4. How observability relates to DevOps, SRE, and cloud native

  • Like testability, observability is a system property that requires continuous investment, not a one-time add-on.

  • Cloud native (per CNCF) emphasizes loosely coupled systems that are resilient, manageable, and observable, enabling frequent, predictable change with minimal toil.

  • As teams ship independently (Agile + cloud native), observability becomes a prerequisite for safe autonomy.

  • Observability shifts incident approach:

    • Mature DevOps/SRE teams start from user-visible symptoms of pain and then drill down using observability tooling—rather than relying on a giant catalog of alerts that guess causes.
  • Distributed tracing helps replace “keep the whole system graph in your head” with “understand dependencies as they affect this request,” including versioned call paths and compatibility issues.

  • Practices that depend on observability:

    • Chaos engineering / continuous verification (compare behavior vs steady state)
    • Feature flags (too many runtime combinations to test exhaustively; need per-user visibility)
    • Progressive delivery (canary, blue/green—know when to halt and why)
    • Incident analysis + blameless postmortems (reconstruct both system behavior and operator understanding via an evidence trail)

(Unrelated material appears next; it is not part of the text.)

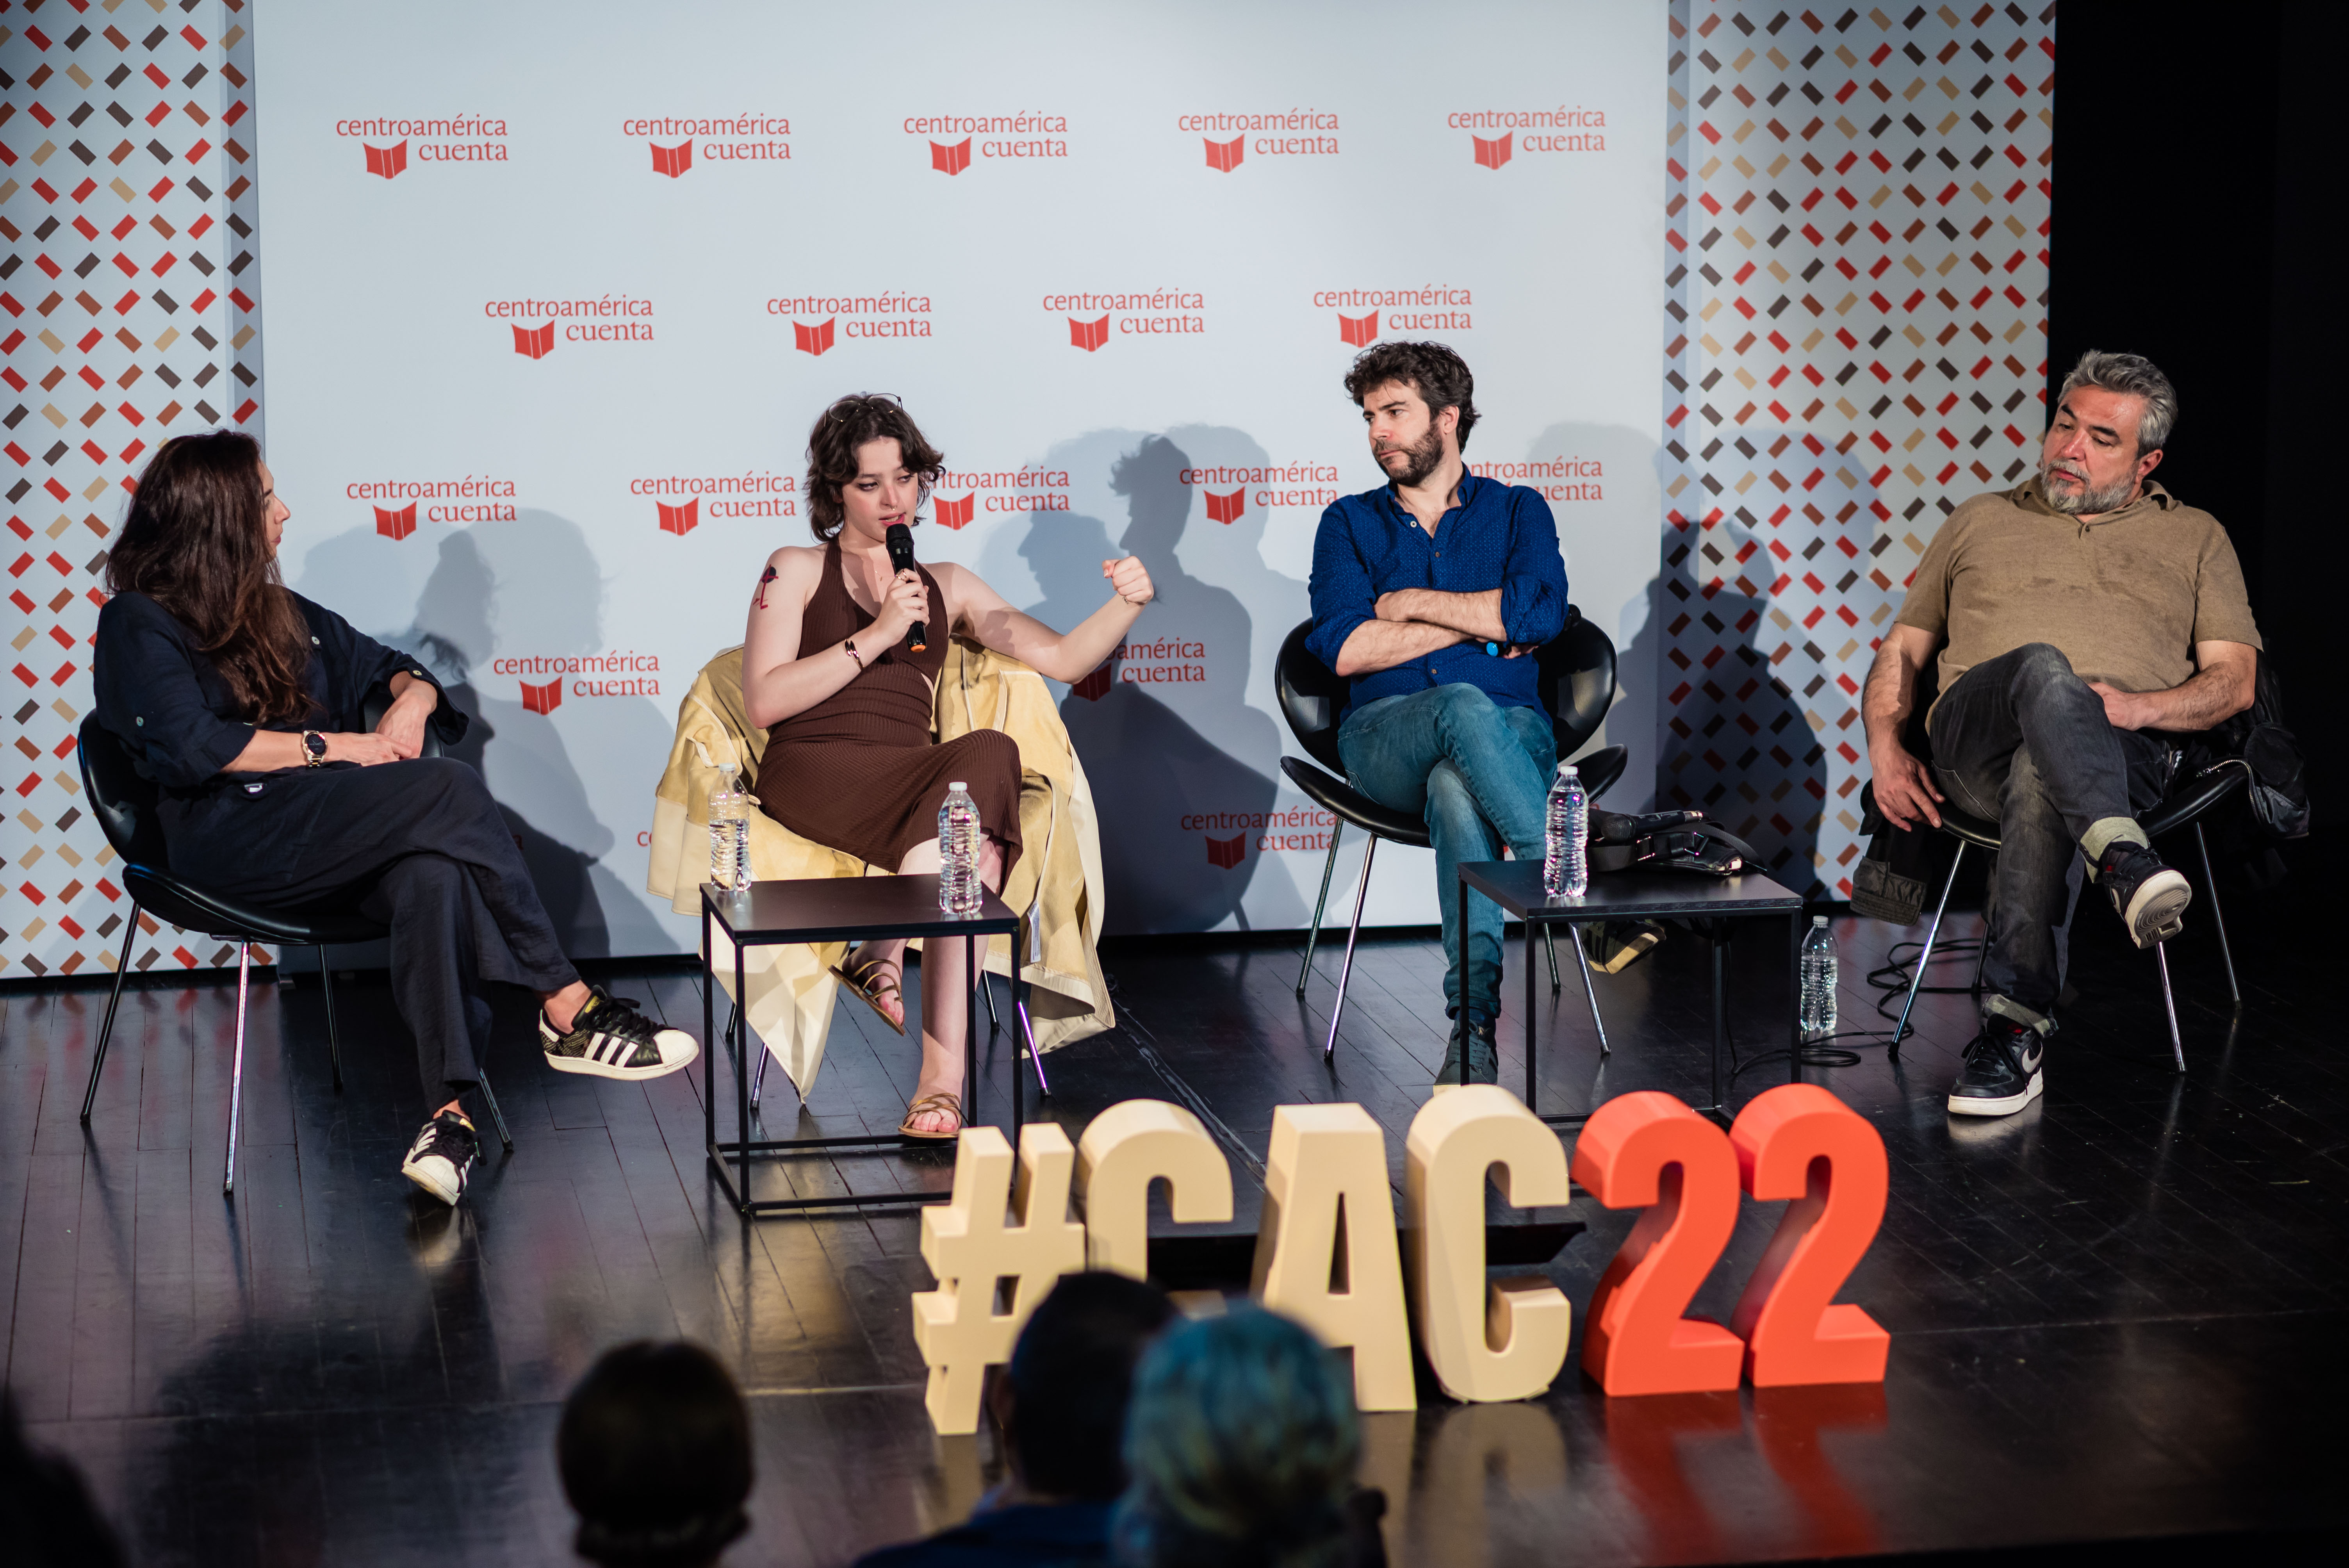 The Centroamérica Cuenta festival, held this year in Guatemala due to the repressive situation in Nicaragua, had top-class guests such as Spanish sensation Elizabeth Duval (second from left).

Part 2 — Fundamentals of observability

5. Structured events are the building blocks of observability

  • An event is a record of everything that occurred while one particular request interacted with your service.

  • “Structured logs” as structured events: ideally one event captures the full unit of work:

    • inputs
    • derived/resolved attributes discovered along the way
    • service conditions during execution
    • result details
  • The point is to support extremely specific queries that isolate real-world edge cases—often requiring many high-cardinality dimensions layered together (user, device, language pack, install date, shard, region, etc.).


6. Stitching events into traces

  • A distributed trace is an interrelated series of events describing a single request’s journey through multiple services.
  • Tracing is a classic debugging technique: record execution details to diagnose problems.
  • Distributed tracing matters because modern requests routinely cross process/machine/network boundaries—including hybrid cases like on-prem → cloud → SaaS → back.
  • Desired outcome of tracing (per your notes): clearly see relationships among services so you can pinpoint where failures happen and what contributes to performance issues.

A waterfall visualization shows how a request’s total time is built up from intermediate steps, ending in a final cumulative duration (the full request time).

Each “bar” (chunk) in the waterfall is a trace span (or span). A trace is the collection of these related spans for a single request.

Spans form a hierarchy:

The root span is the top-level span for the request and typically covers the entire end-to-end duration.

Spans nested inside the root span are child operations (and may themselves have children), creating a parent → child tree.

Example relationship: if Service A calls Service B, which calls Service C, then Span A is the parent of Span B, and Span B is the parent of Span C; Span C can be a leaf span with no children.

Waterfall views make two things easy to see at a glance:

Structure (who called whom) via nesting/indentation.

Performance contribution via bar lengths and timing—e.g., a root span of ~86s containing child spans like UpdateIntercom (~20s), UpdateSalesforce (~64s), and UpdateStripe (~1.6s) clearly reveals which work dominates the overall request latency.

7. Instrumentation with OpenTelemetry

In the mid–late 2010s, two major open standards for collecting telemetry emerged:

OpenTracing (under the CNCF) and OpenCensus (sponsored by Google), both aiming to provide language libraries that collect telemetry and send it to a backend of your choice in real time.

Rather than continue as competing standards, the efforts merged in 2019 into OpenTelemetry, a unified project under the CNCF.

Decided to come back later to the book, notes stop early on in chapter 7.